» **Work instruction**
Copy out the data word for word, without any of its pictures.

» **Information shown**
==================================================
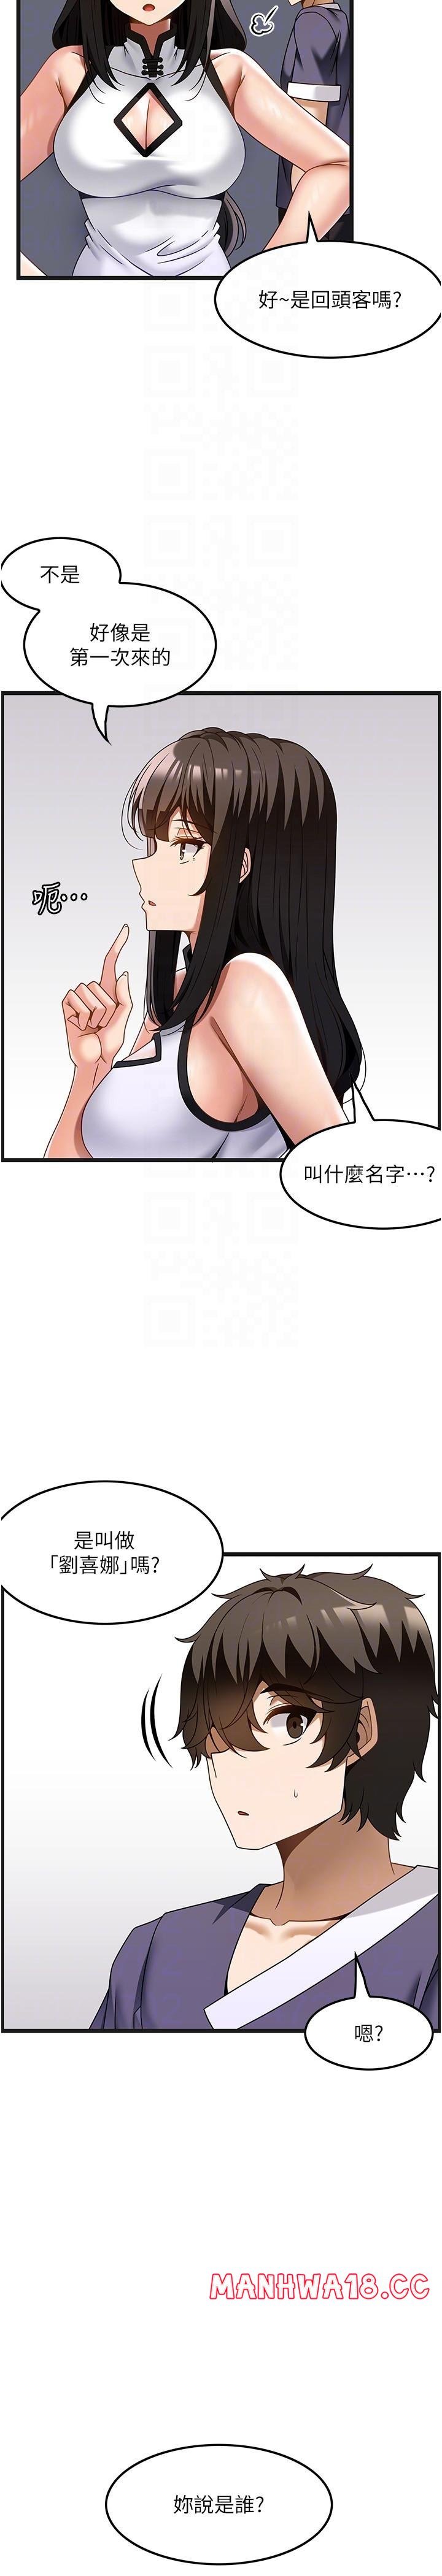 too-good-at-massages-raw-chap-34-13
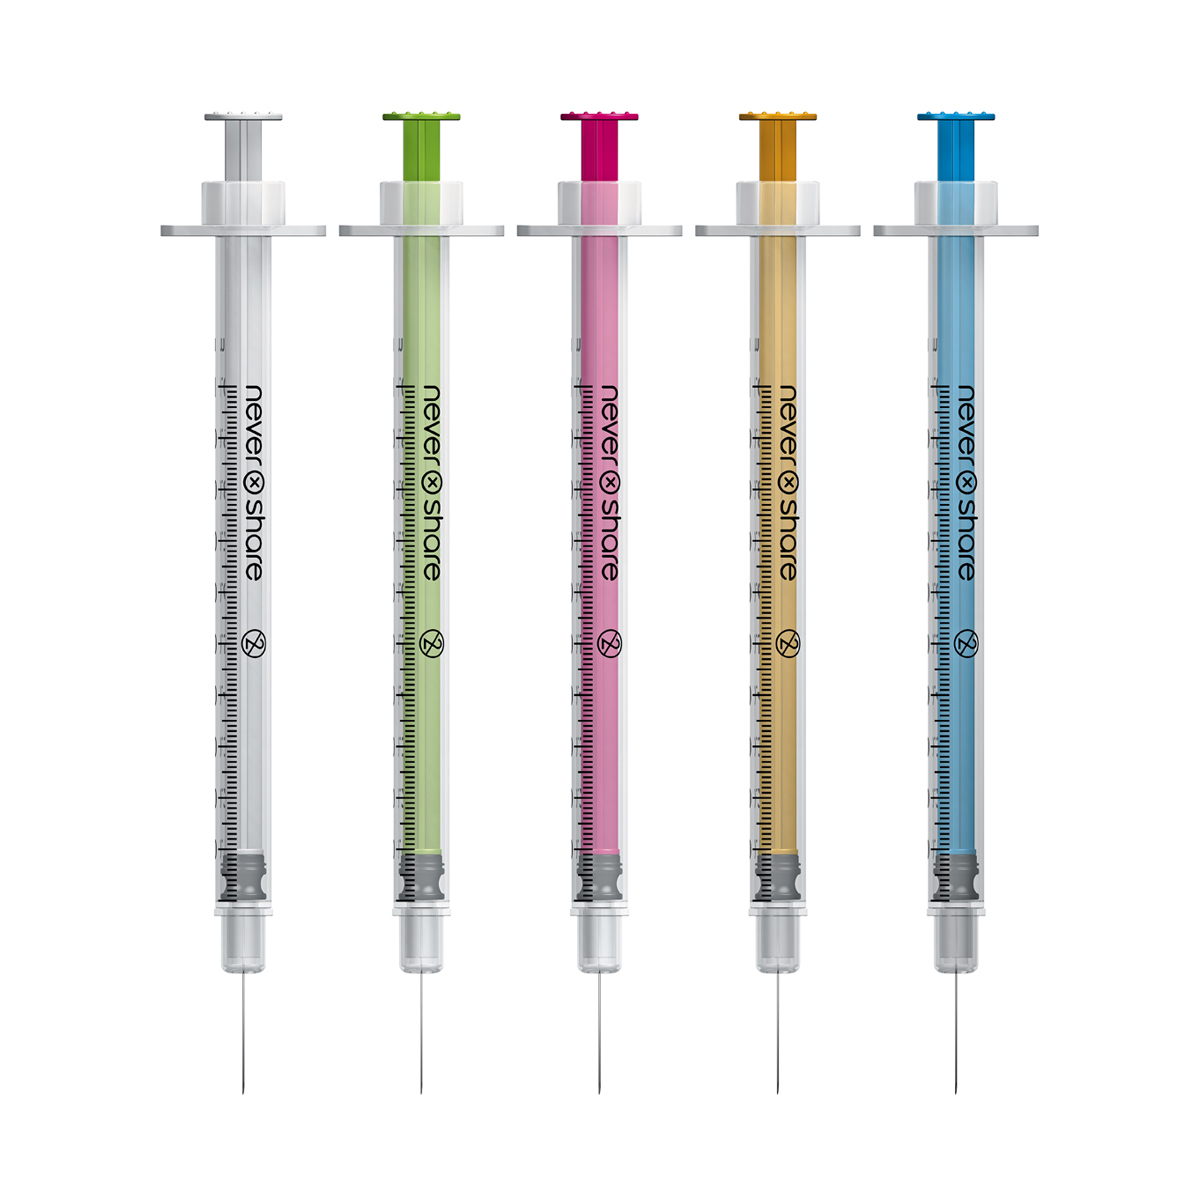 Nevershare 1ml 30G fixed needle syringe: mixed colours (discontinued, see below)
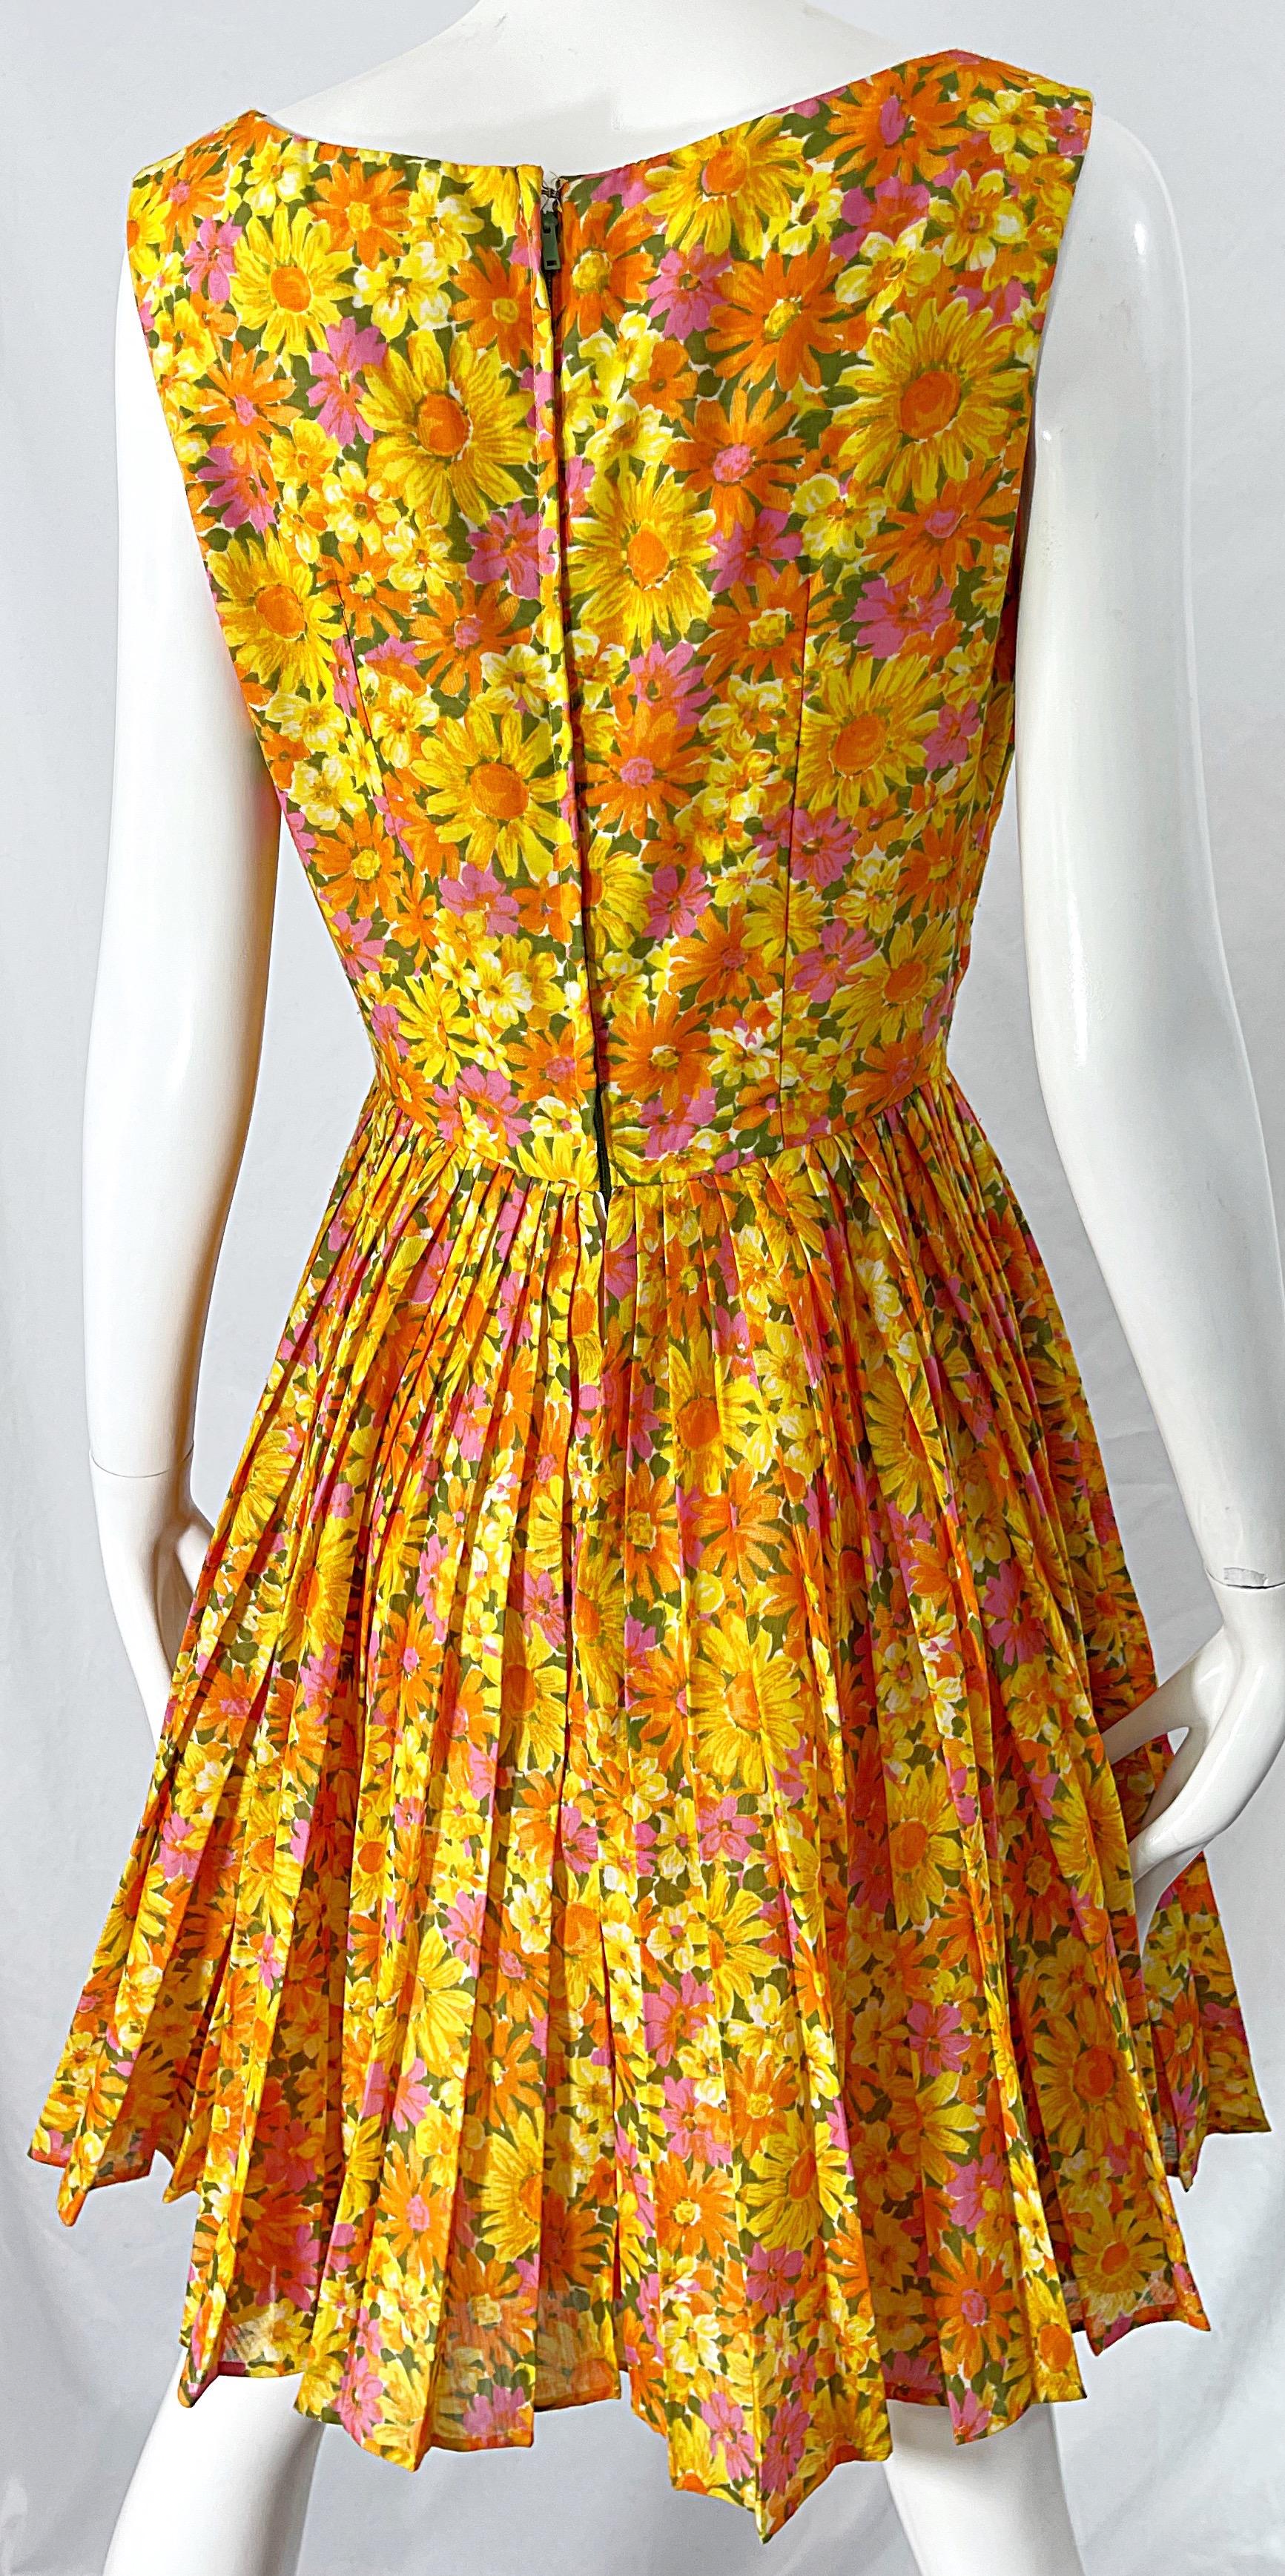 1950s Suzy Perette Yellow Pink Orange Daisy Print Cotton Vintage 50s Dress In Excellent Condition For Sale In San Diego, CA
==================================================
» **Output**
 too-good-at-massages-raw-chap-34-13
 Nevershare 1ml 30G fixed needle syringe: mixed colours (discontinued, see below)
 1950s Suzy Perette Yellow Pink Orange Daisy Print Cotton Vintage 50s Dress In Excellent Condition For Sale In San Diego, CA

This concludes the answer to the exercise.